ABSTRACT

We consider semi-infinite Jacobi matrices with discrete spectrum. We prove that a Jacobi operator can be uniquely recovered from one spectrum and subsets of another spectrum and norming constants corresponding to the first spectrum. As a corollary, we obtain semi-infinite Jacobi analog of Marchenko's inverse spectral theorem for Schödinger operators, i.e. a Jacobi operator can be uniquely recovered from the Weyl m-function (or the spectral measure).
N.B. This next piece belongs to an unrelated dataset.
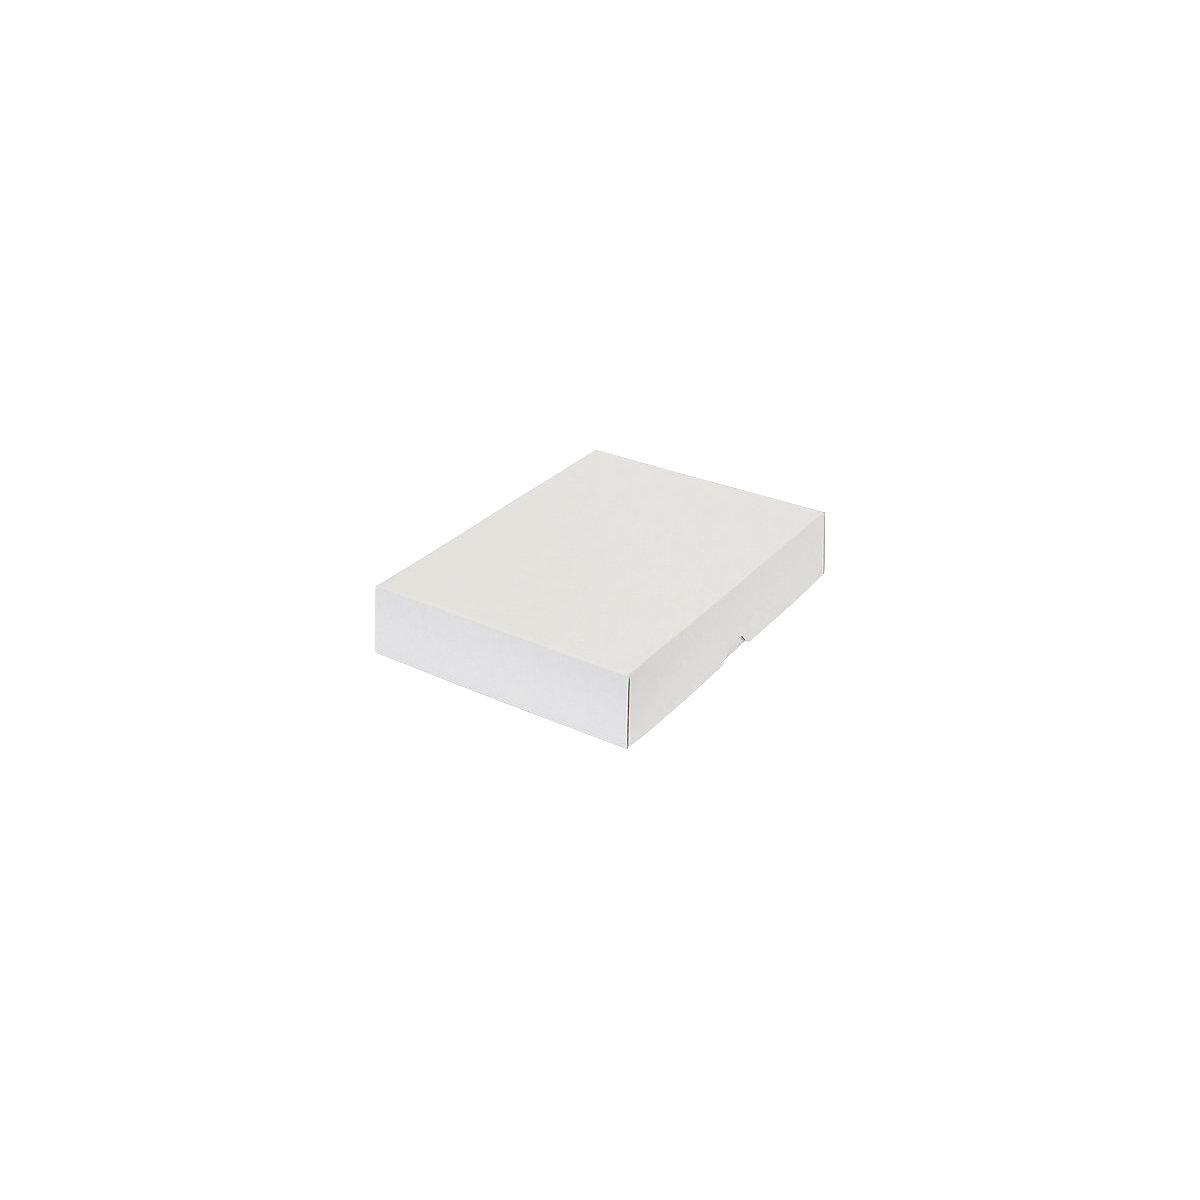 Stülpdeckelkarton, zweiteilig, Innenmaße 302 x 213 x 55 mm, A4, weiß, ab 30 Stk-50

We also solve our Borg–Marchenko-type problem under some conditions on two spectra, when missing part of the second spectrum and known norming constants have different index sets.

抽象的

我们考虑具有离散频谱的半无限Jacobi矩阵。我们证明，可以从一个光谱和另一个光谱的子集以及对应于第一个光谱的范数常数中唯一地恢复Jacobi算子。作为推论，我们为Schödinger算子获得了Marchenko逆谱定理的半无限Jacobi模拟，即，可以从Weyl m函数（或谱测度）唯一地恢复Jacobi算子。当第二个谱图的缺失部分和已知的规范常数具有不同的索引集时，我们还可以在某些条件下在两个谱图上解决Borg–Marchenko型问题。